Teachers as Learners of Equitable Discussion Practices
Funded by: NSF via University of Michigan
Dates: 7/1/20-6/30/25
Summary: This project aims to create opportunities for teachers to notice and understand how normalized practice often reproduces inequity and learn ways to disrupt typical patterns of inequity in their classroom. This project focuses on classroom discussions because they can be a key site for either reproducing or disrupting inequities and they have been established as a powerful instructional practice. Teachers benefit from professional development that addresses both the technical and contextual aspects of teaching practice, including the identities of their students and associated patterns of inequity in schools and society. This research will examine how elementary teachers’ perceptions of professional learning and influences on such learning in combination with professional development on leading discussions, impact their skill with and willingness to take up teaching that disrupts patterns of inequity in classrooms.

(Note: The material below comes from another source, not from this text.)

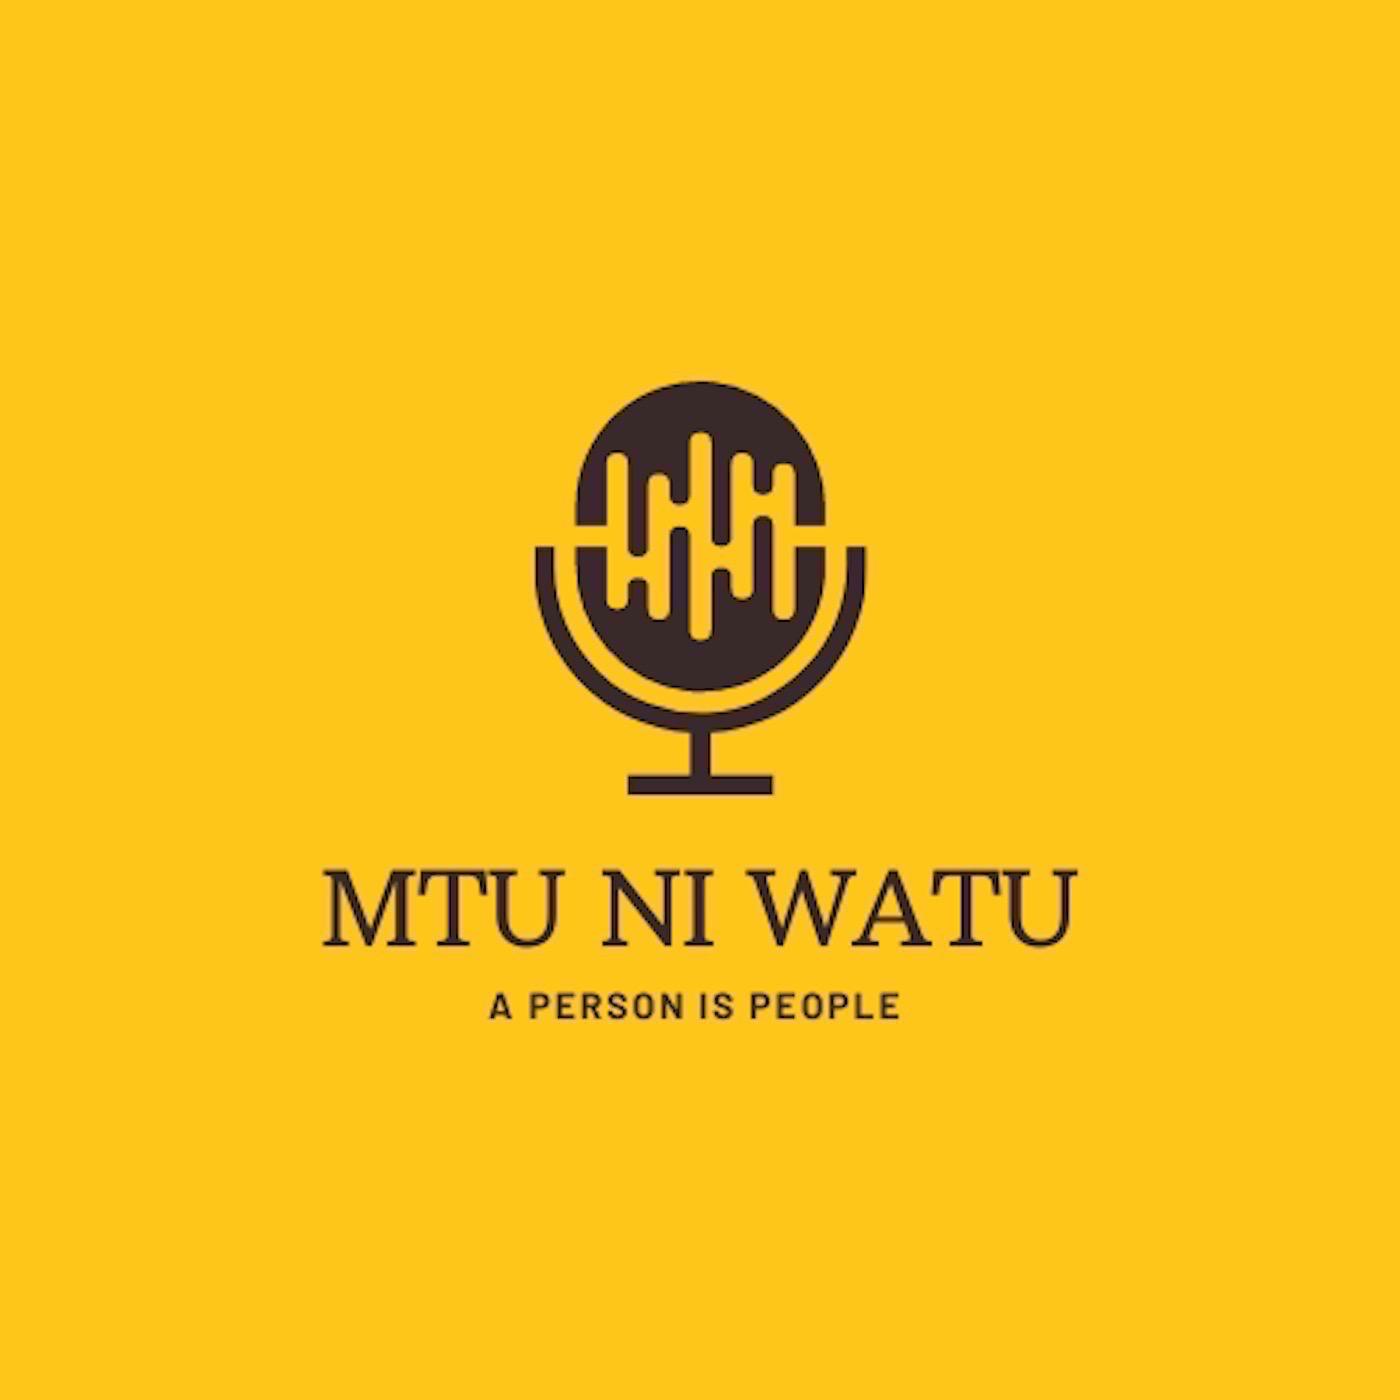 Mtu ni Watu - Podcast 
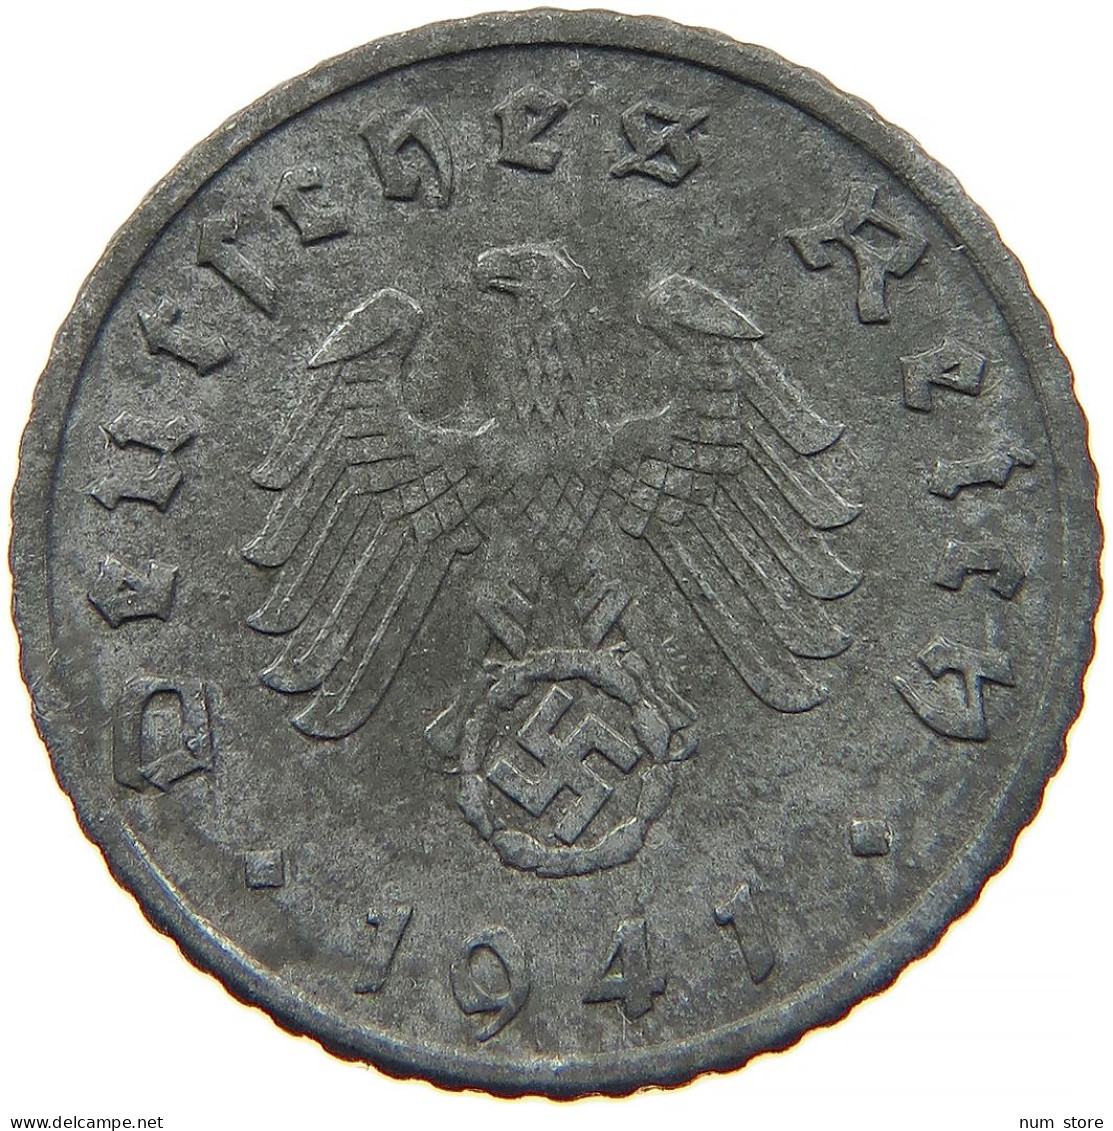 GERMANY 5 REICHSPFENNIG 1941 F #s091 0889 - 5 Reichspfennig

Preparing Mentors to Support Novices in Eliciting Student Thinking During Mathematics Discussions: Developing and Testing a Simulation-Based PD Program
Funded by: NSF via University of Virginia
Dates: 7/15/22-6/30/26
Summary: This project aims to support mentor teachers in better modeling the effective mathematics teaching practices for candidates in their own teach and providing candidates with actionable feedback on those practices as they learn to teach elementary mathematics. This project also aims to enhance the quality of elementary mathematics teaching by developing mentors who can better support the next generation of teacher candidates. Teaching simulations are used as a cornerstone of the design of the professional learning, providing a low-stakes practice space for mentors to practice and model effective elementary mathematics teaching. This study will provide much-needed causal evidence for the effects of practice-based preparation on the development of both mentors’ and candidates’ teaching in elementary mathematics.
Eli Tucker-Raymond
Reimagining Alternative Education: Designing for Geographies of Care and Responsibility
Funded by: Spencer Foundation
Dates: 7/1/21-6/30/25
Summary: Our project investigates how restorative geographies of care and responsibility can be designed and cultivated in an alternative public high school serving students who have not thrived in traditional school settings and who are coping with ongoing or past histories of trauma. The four-year project focuses on pathways of learning in and across three settings at the school–health and wellness class, STEAM block, and a community garden–that extend into youth teaching opportunities with children at a local elementary school. A multi-stakeholder collaborative design council pursues research questions that focus on: relations of care and responsibility developed in the focal settings, how school community members grow and adapt those relations in and across settings within and outside of the school, and how the ongoing collaborative re-designing of resources for relation-building contributes to the development and disciplinary learning of students.
Marcus Winters
Wheelock Educational Policy Center General Support
Funded by: BARR Foundation
Dates: 3/25/22-3/25/25
Summary: WEPC conducts and disseminates rigorous, policy-relevant research in partnership with local, state, and federal policymakers and stakeholders to improve educational opportunities and holistic outcomes for traditionally marginalized students. With support from the Barr Foundation, WEPC will engage in research practice partnerships that advance education decision-makers ability to improve the quality and diversity of the educator workforce. This includes efforts to: 1) initiate new partnerships with state and district leaders around workforce questions; 2) executing research activities that increase partners and general knowledge about the quality and diversity of the workforce; and 3) producing, disseminating, and communicating about research findings to influence broader discussions and decision-making relative to the teacher workforce.